Graphene layers also have the ability to protect materials against microbial-induced corrosion to a far more efficient extent than other typical surface coatings.

=== Oxidation protection ===
Graphene layers are excellent at preventing oxidation reactions from occurring on materials. Oxygen atoms have a tendency to react with the graphene sheets when added to a material. However, the likelihood of oxygen atoms breaking through the graphene sheet to react with the material underneath is low. The prevention of oxidation through the usage of graphene sheets has one fault, namely the current inaccuracies of applying a perfectly shaped layer onto any given material with a spray gun. In order to prevent this and give materials a high resistance to oxidation, multiple layers of graphene can be used.

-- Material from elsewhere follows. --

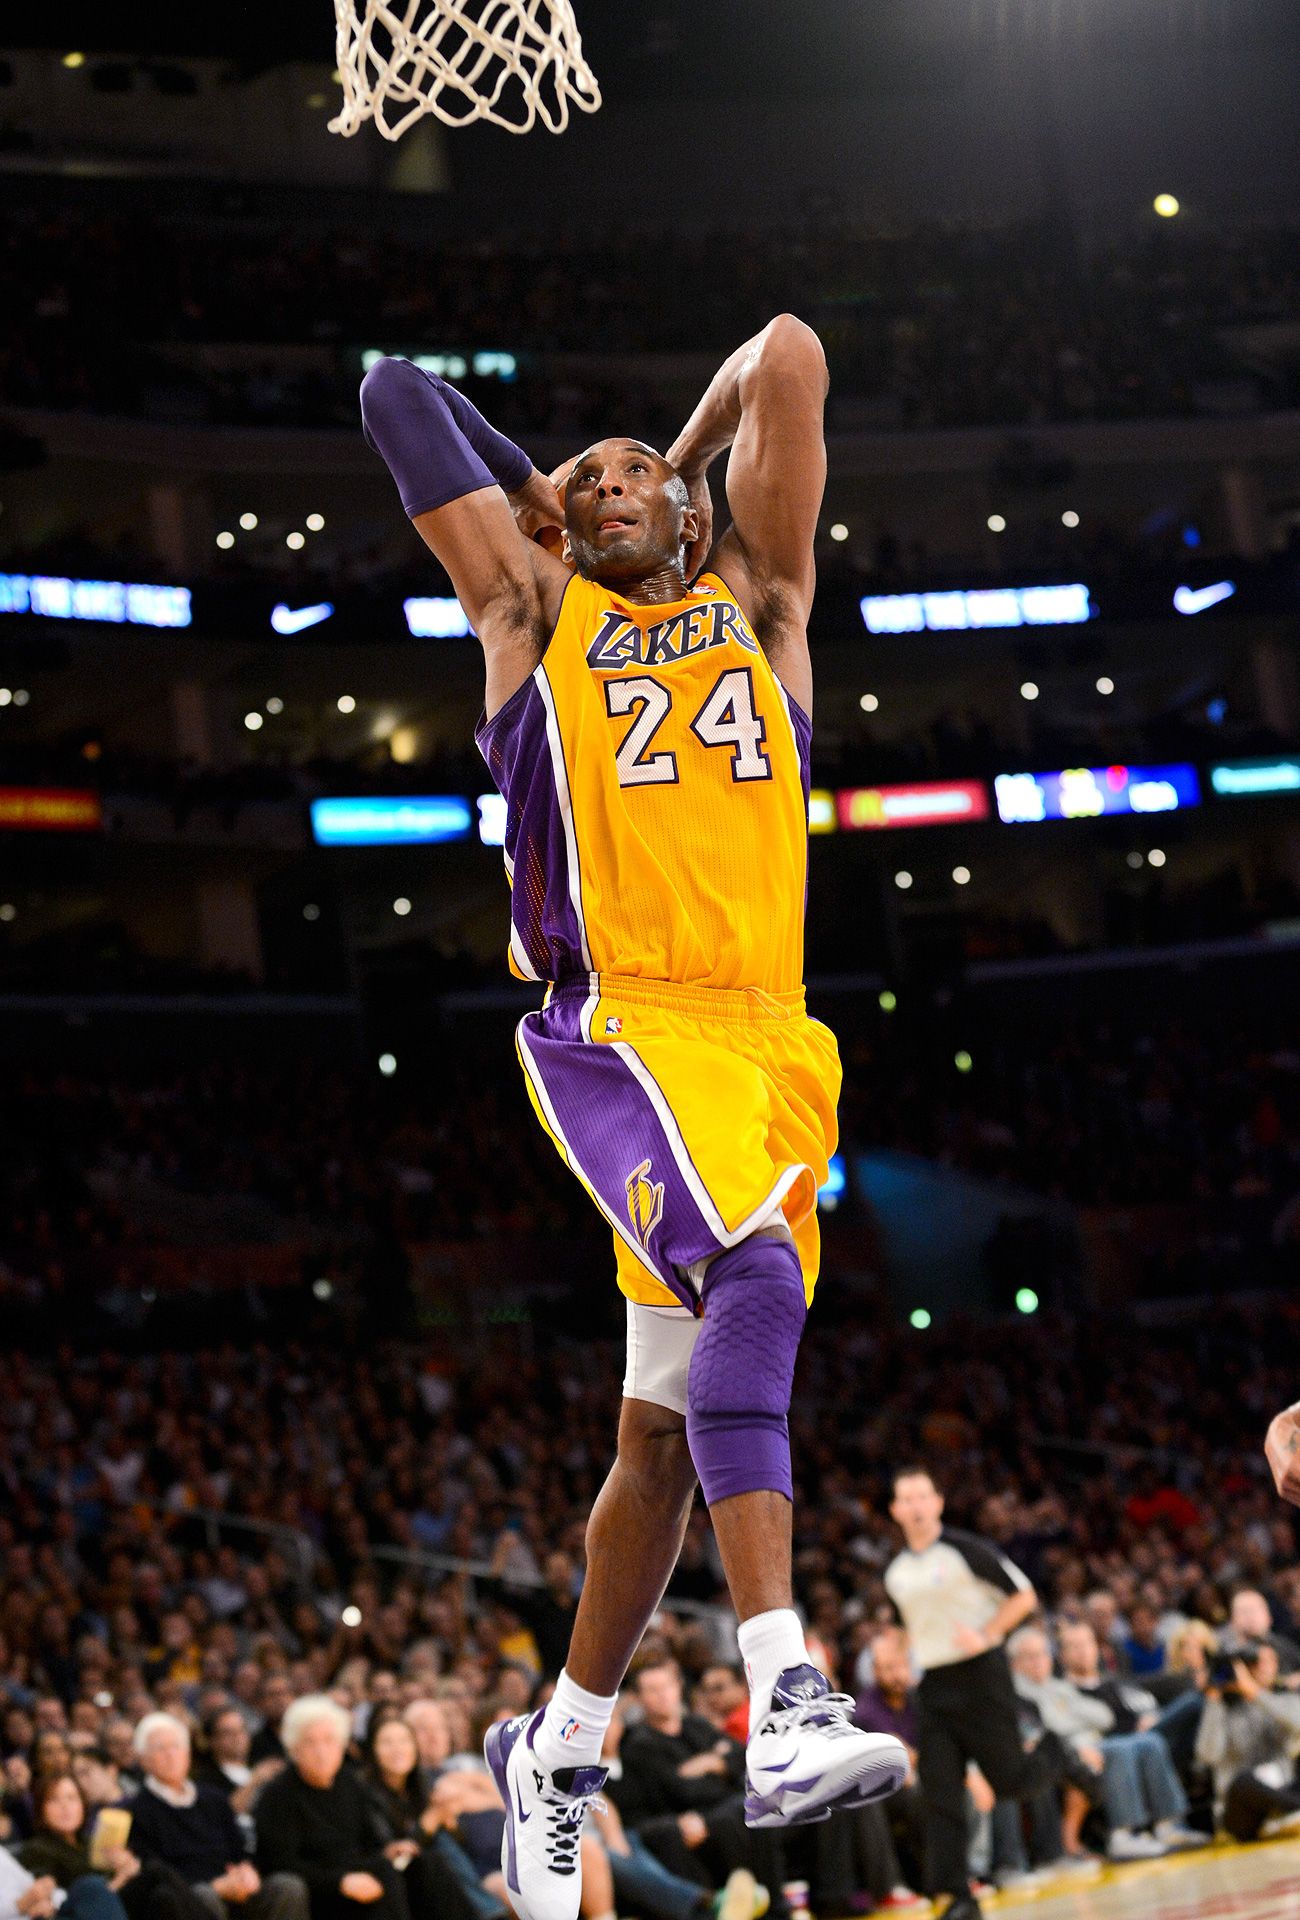 Free download Kobe Bryant Dunk Image Crazy Gallery [1300x1920] for your Desktop, Mobile & Tablet. Explore Kobe Bryant Dunk Wallpaper. Slam Dunk Wallpaper, Kobe Bryant Wallpaper NBA Dunks Wallpaper
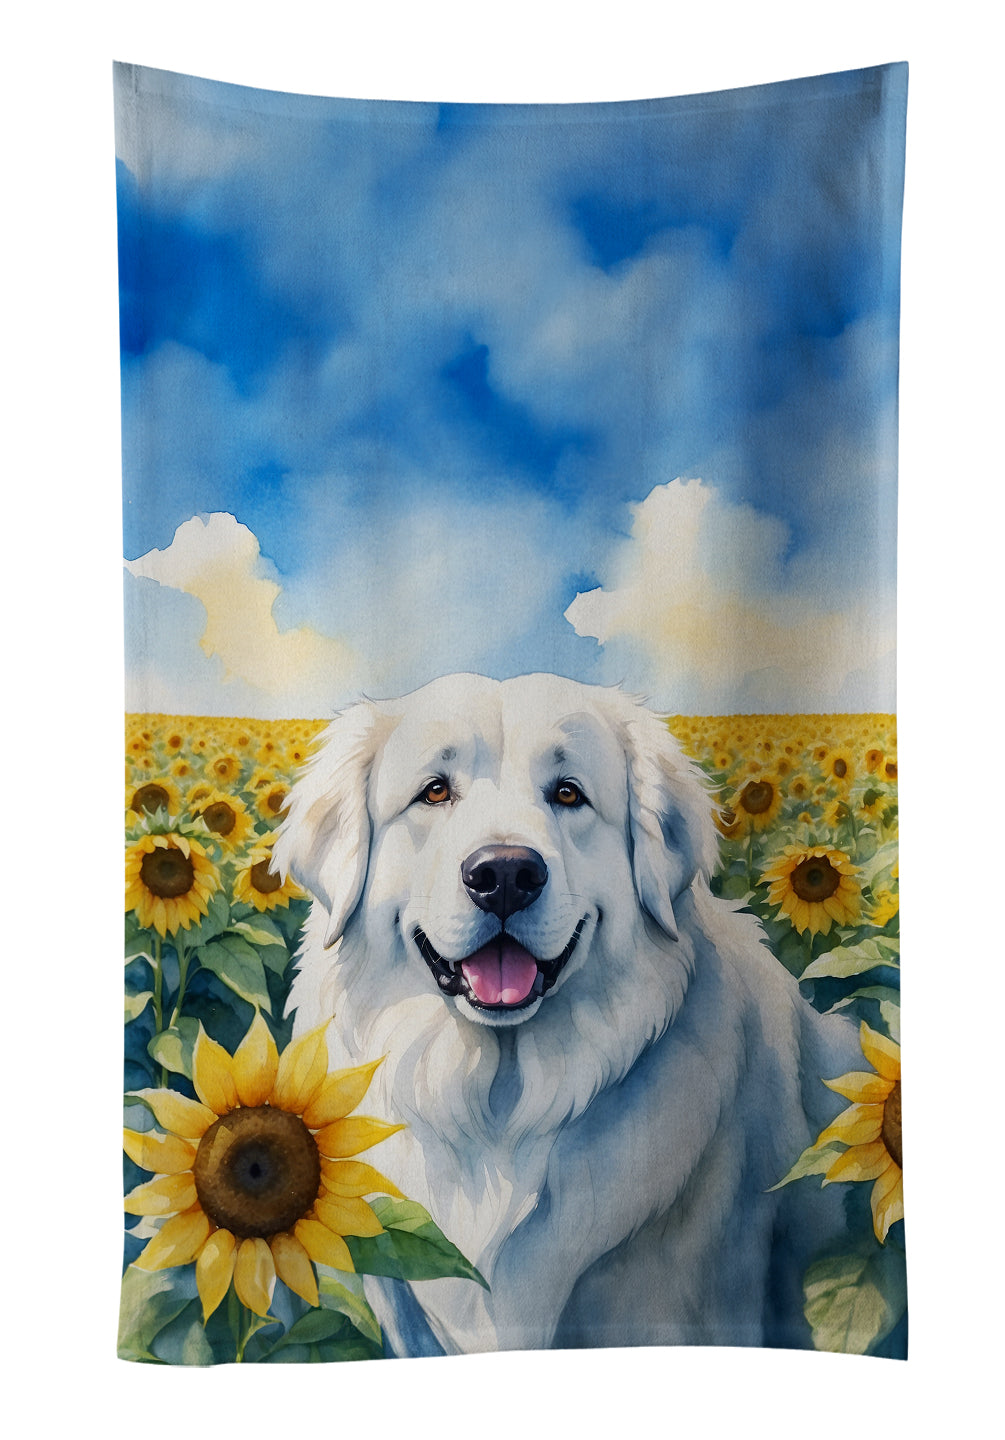 Buy this Great Pyrenees in Sunflowers Kitchen Towel

=== High material strength ===
Graphene layers are extremely strong, being estimated to be around 200 times stronger than steel. The material is also lightweight. Because of these properties and the micro-structure of the sheets the material is capable of stretching to roughly 20% of its original size. These abilities provide the material it has been layered onto with a highly durable and thin barrier.

==Usage==

Due to graphene's distinctive properties, such as its high strength, high electron mobility, mechanical stiffness, and its ability to conduct both electricity and heat, it serves a plethora of applications. Serving primarily in the field of electronics, several graphene applications include its usage within flexible touch screens, integrated circuits, reinforcement of electrical properties to plastics, biological engineering, optical electronics, energy storage, and photovoltaic cells. Graphene may also be utilized in the field of composite materials and nanotechnology. With the implementation of a graphene spray gun, the material may be evenly dispersed upon a large-scale substrate. The graphene spray gun also provides a more efficient and effective utilization of graphene due to its lack of defects that would otherwise be found in different dispersion methods.